Only one in five respondents at European companies said their industries are exposed to significant corruption risk, compared with 40% of respondents from U.S. companies saying that. European respondents stated their companies were also less likely to perform due diligence on prospective employment candidates on a regular basis, as just 29% of European respondents said they did so, compared with 63% of U.S. respondents, the survey noted.
The survey found that a significant majority of U.S. companies have anti-corruption policies, and nearly all (98%) of these policies are designed to address the U.S. Foreign Corrupt Practices Act (FCPA). These respondents also reported that internal audits and “setting a tone at the top” have been effective in reducing risk.
Asian Companies Perceive Risk across Industries
According to the survey, 80% of executives at Asian companies said their industries are exposed to significant corruption risk. A majority of these respondents (54%) said corruption risk is unavoidable in Southeast Asia (Indonesia, the Philippines and Vietnam).

According to the survey, 63% of companies in Asia have whistleblower hotlines. Among the measures taken to reduce risk, respondents said they placed the most emphasis on employee training, internal audits and training-measurement systems.

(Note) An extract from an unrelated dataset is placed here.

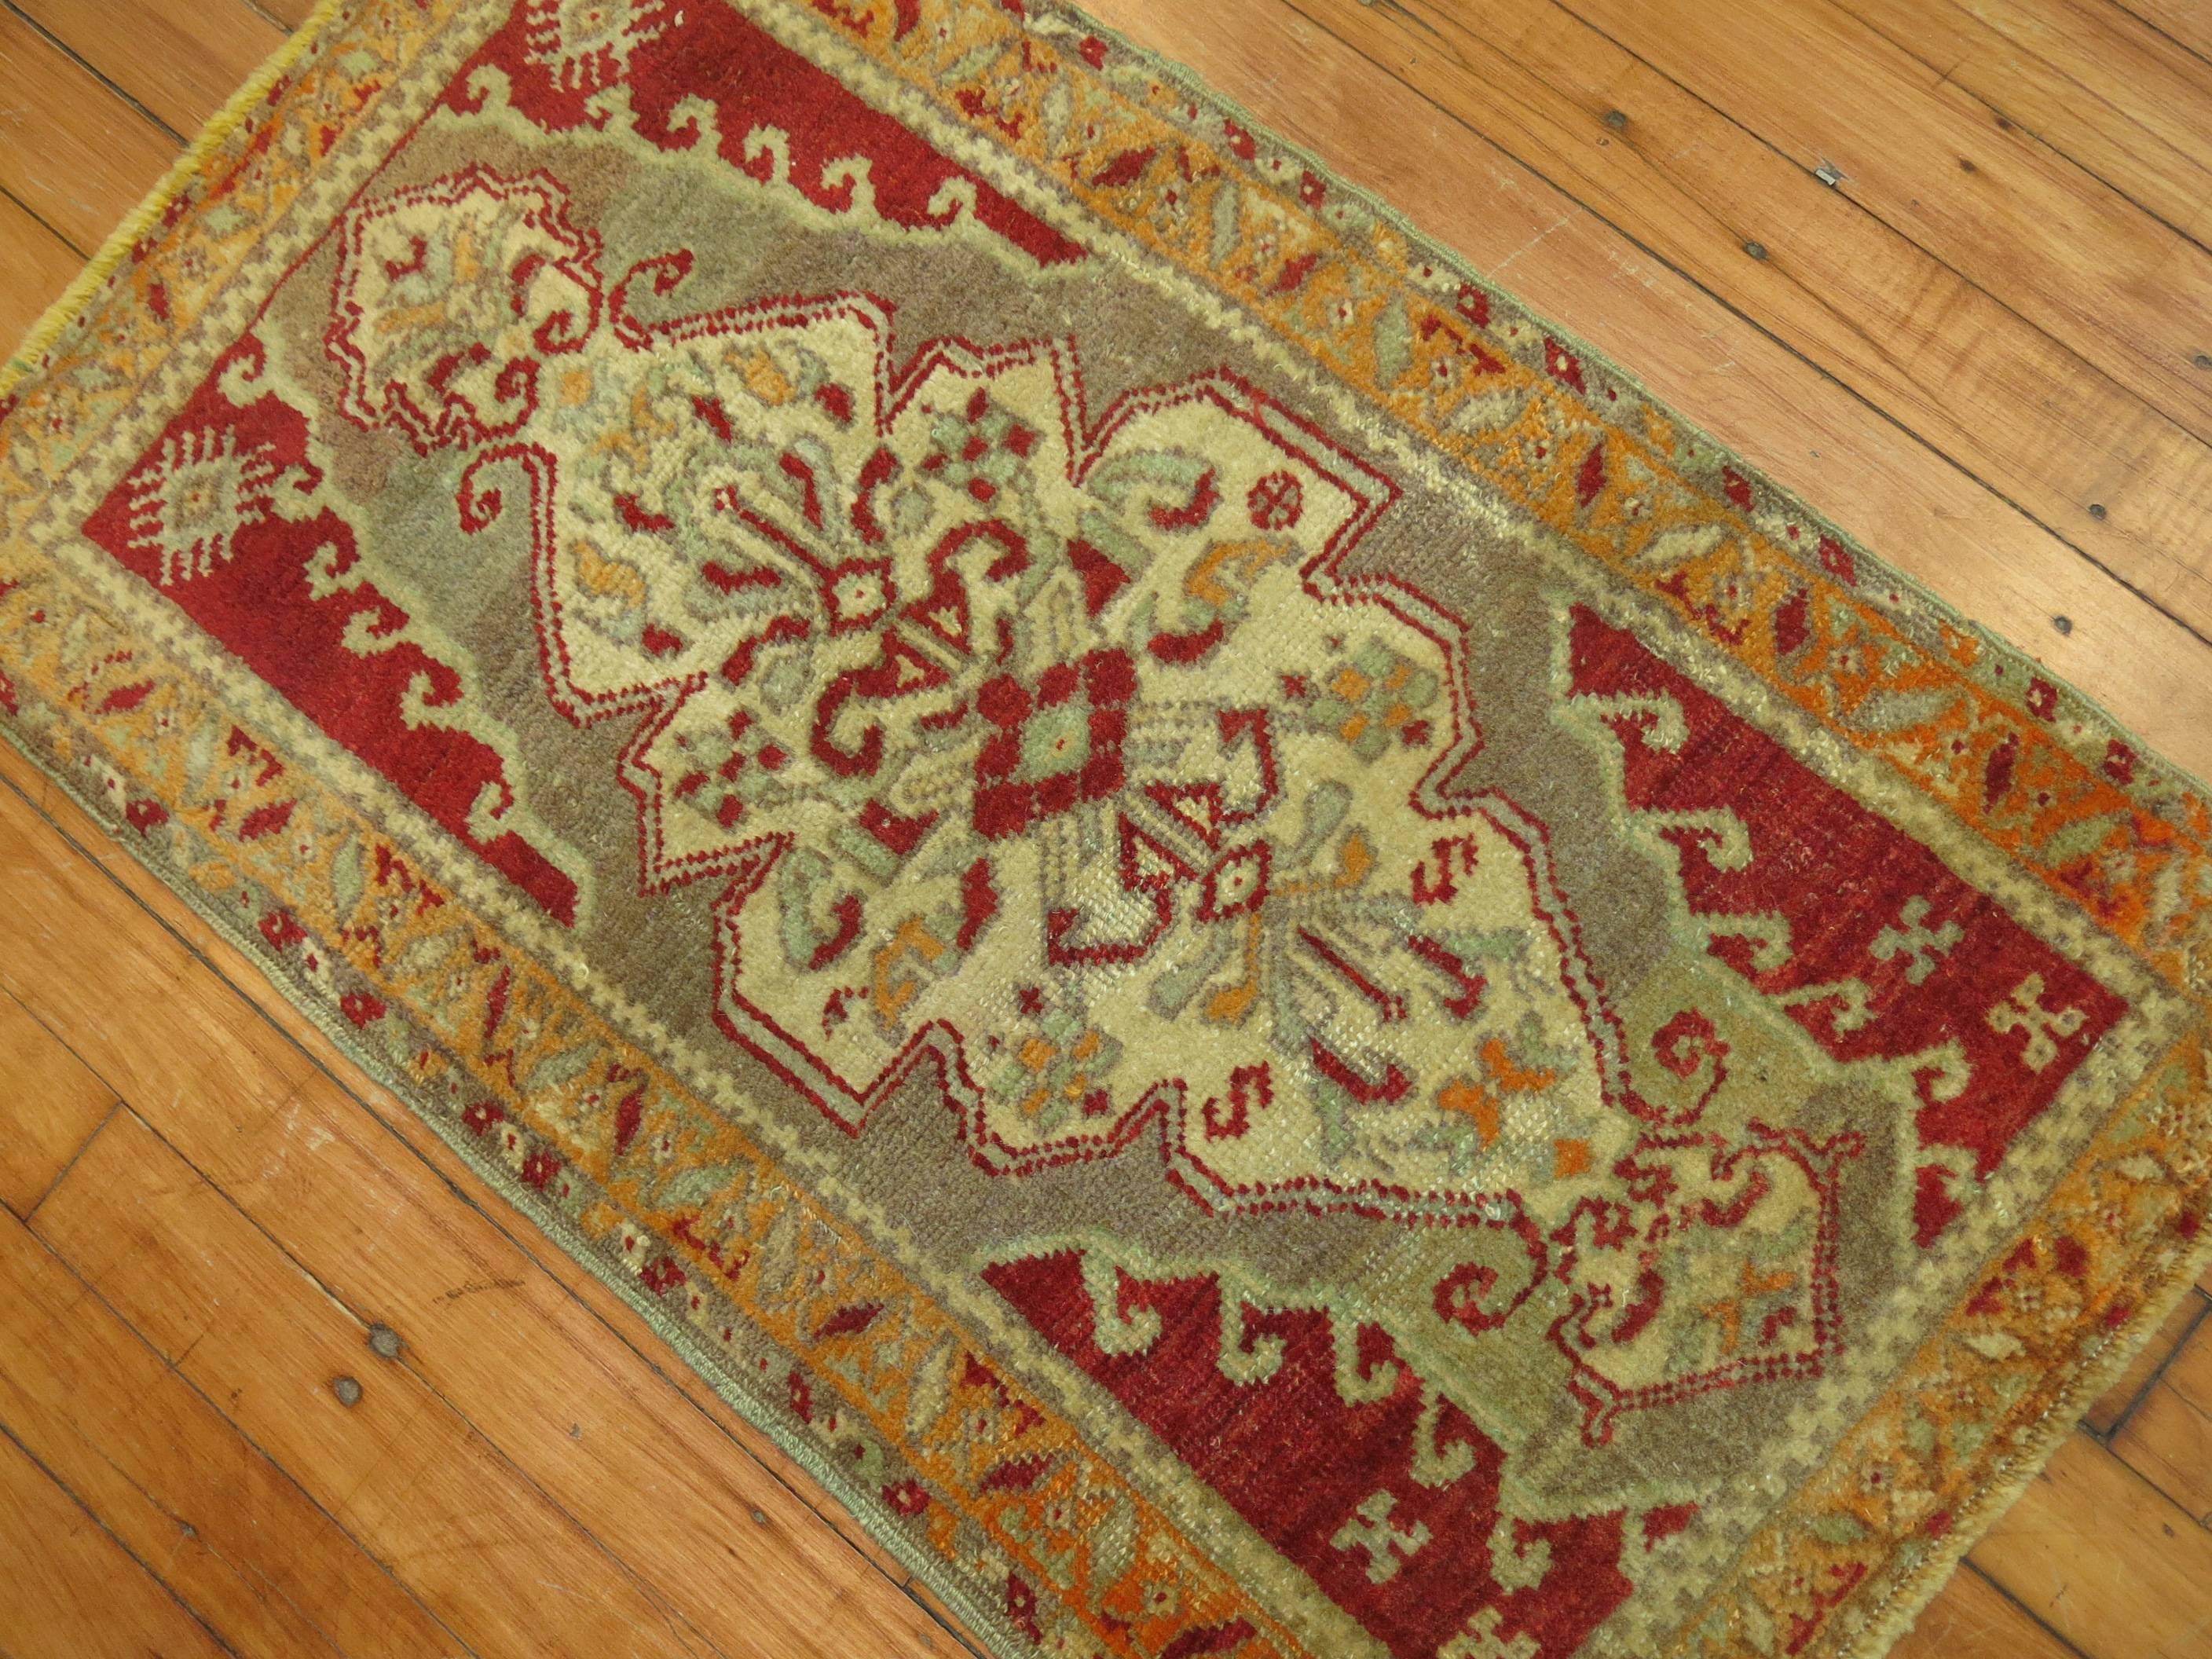 20th century one of a kind fine quality Turkish Sivas rug. Gray, red, orange and ivory hues.
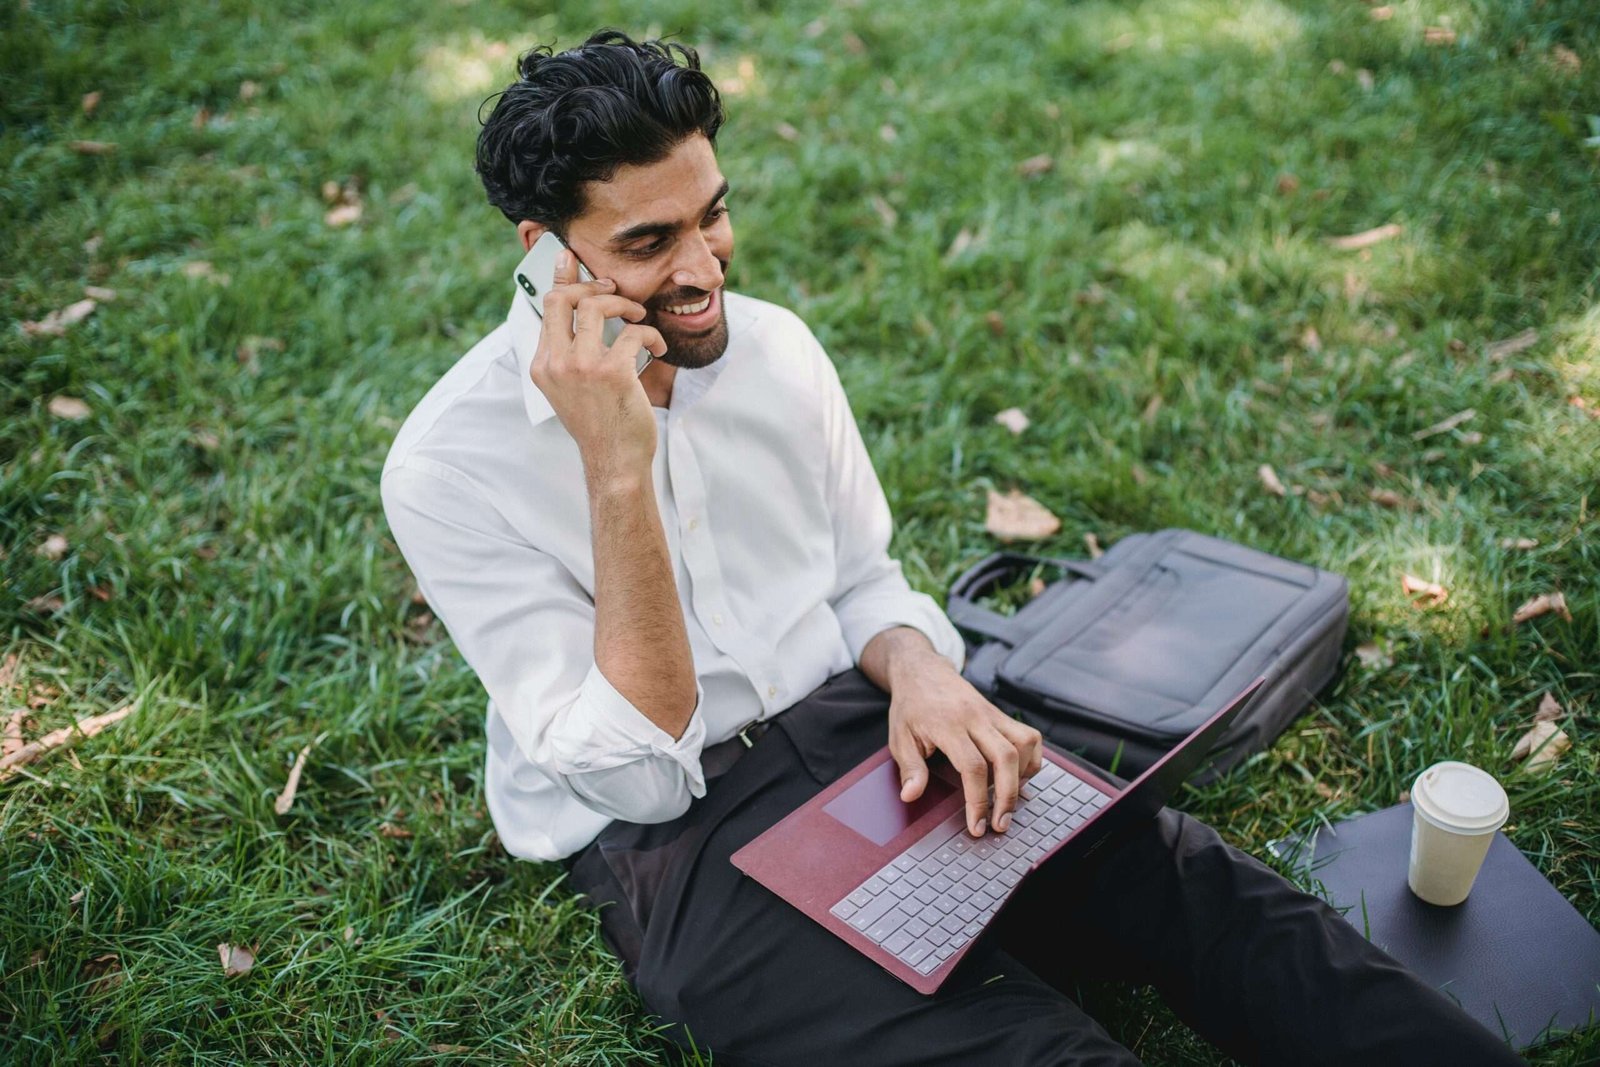 Photo by Ketut Subiyanto: https://www.pexels.com/photo/a-businessman-sitting-on-grass-while-having-a-phone-call-4962986/

“This research shows that bribery and corruption are on the radar at many Asian companies and that they are implementing into their compliance programs tools such as reviews of accounting books to identify illegal payments,” said Mike Murphy, managing director at AlixPartners and leader of the firm’s Asia-Pacific Restructuring and Financial Advisory Services Practice.
About the Survey
The AlixPartners Global Anti-Corruption Survey was conducted in November 2013. It polled general counsel, compliance officers and other related company executives about their companies’ anti-corruption efforts, compliance policies and at identifying and mitigating corruption risk. The survey group consisted of executives at international companies with annual revenues of $150 million or more in a broad range of industries based in North America, Europe and Asia.